The importance of exercise intensity for lifespan became particularly evident in a large-scale 2024 study, during which 7,500 middle-aged and older adult men and women wore high-tech activity trackers for at least a week. Researchers calculated the intensity of their daily activities and followed them for about seven years, tracking deaths.

Interestingly, the overall intensity of people’s daily activities turned out to be a better longevity predictor than how much they moved around. Those who were the most sedentary were approximately 14 percent more likely to have died in the subsequent years than those who engaged in some physical activity. Furthermore, individuals whose physical activities were mostly low intensity were about 37 percent more likely to have died compared to those whose routines included even a little more intense exercise.

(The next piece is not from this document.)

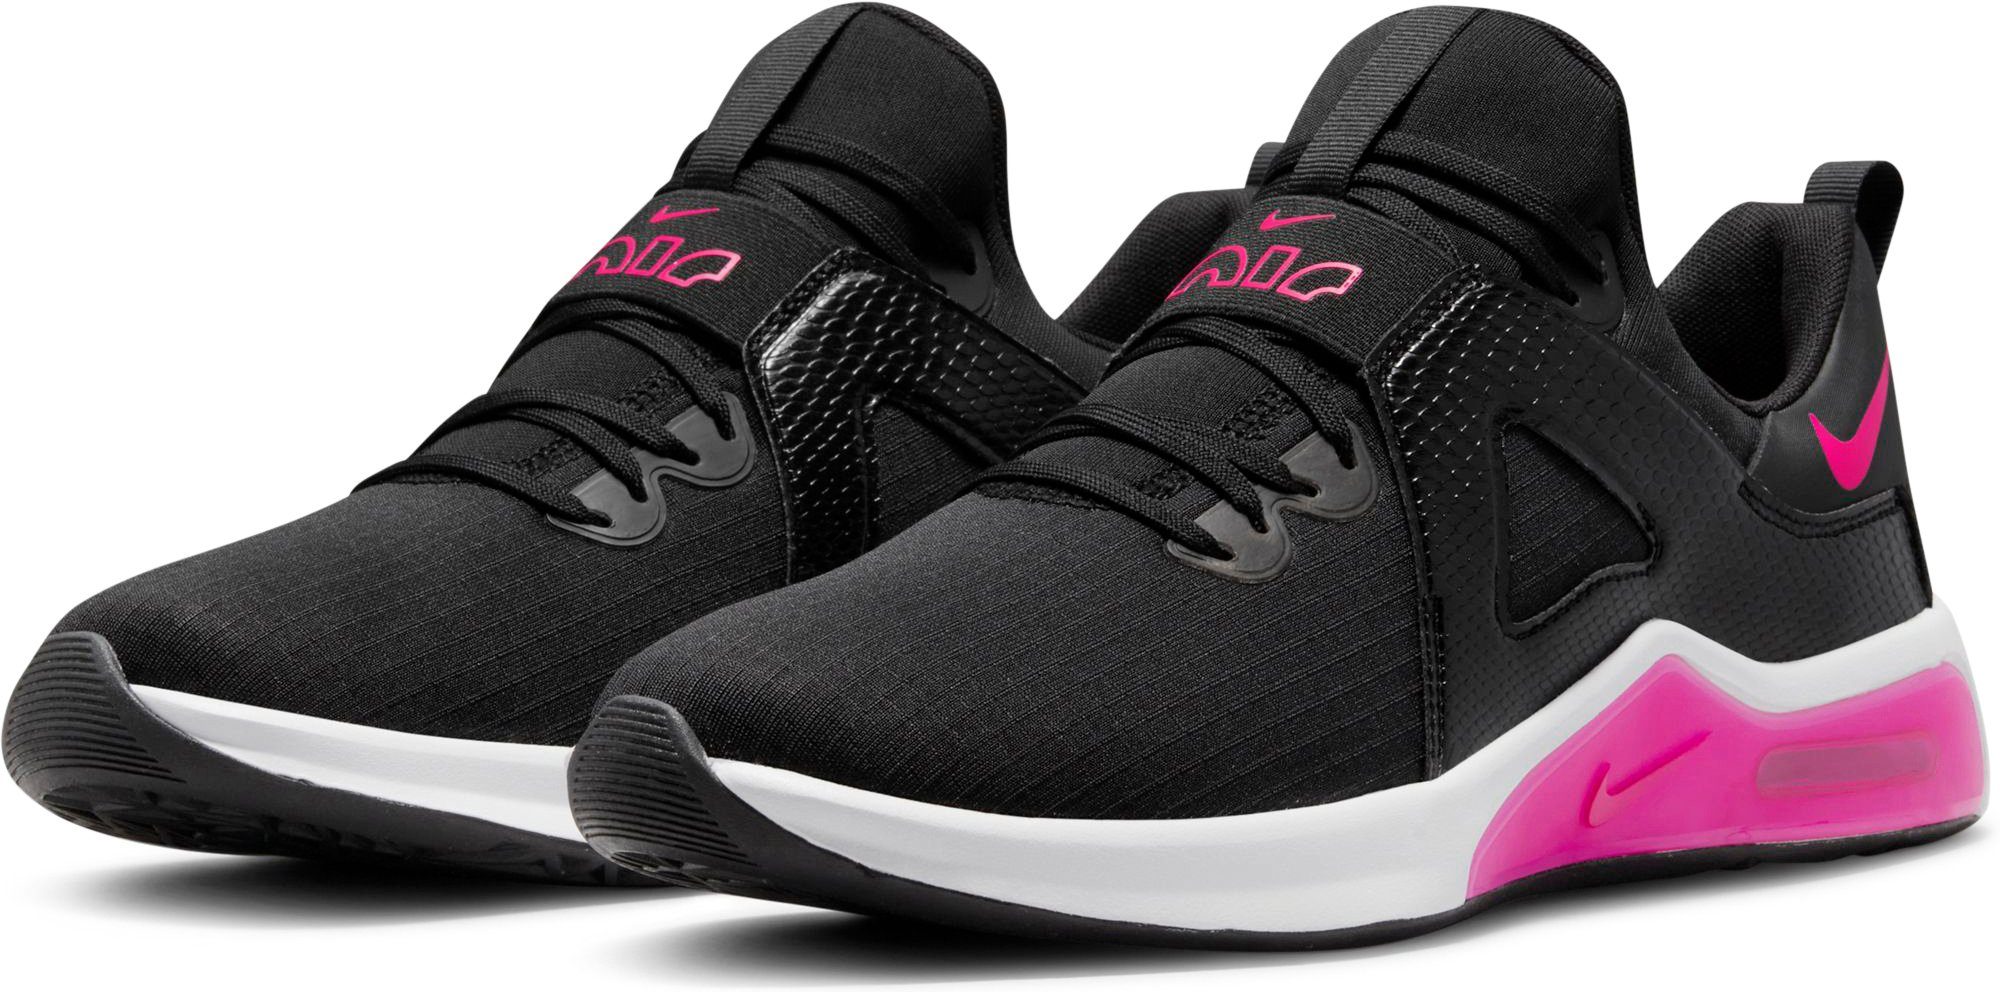 Nike Air Max Damen in schwarz online kaufen | OTTO

Intense Exercise Doesn’t Have to Be Hard

The notion of making your exercise more intense can seem daunting. But there’s no need to worry, said Martin Gibala, an exercise scientist at McMaster University in Ontario, Canada, who studies interval training. He emphasized that exercise intensity is a spectrum, ranging from light exertions to the all-out intervals Olympians endure.

Just incrementally boosting the intensity of your activities from casual strolls to brisk walks can substantially enhance your health and fitness, Gibala noted. Significant benefits arise when you occasionally escalate the effort of some of your sessions from “green to yellow” on a green-yellow-red effort gradient.

Alternatively, Wisloff suggested using the talk test: to find the optimal intensity for health improvement, you should be able to converse during intervals but not sing, as singing requires most of your respiratory resources.

In my experience, I incorporate fartlek training a few times a week to inject energy, variety, and delight into my standard workout routine. The term is catchy and the workout invigorating, leaving me pleasantly fatigued at the end. Fartleks, consistently varied, never become dull.

Just a few days ago, during my Christmas Eve workout, I encountered many holiday dog walkers along my route. I made each canine a marker and introduced myself. While my intervals were brief, the shared joy was contagious, making it my most enjoyable workout of 2024.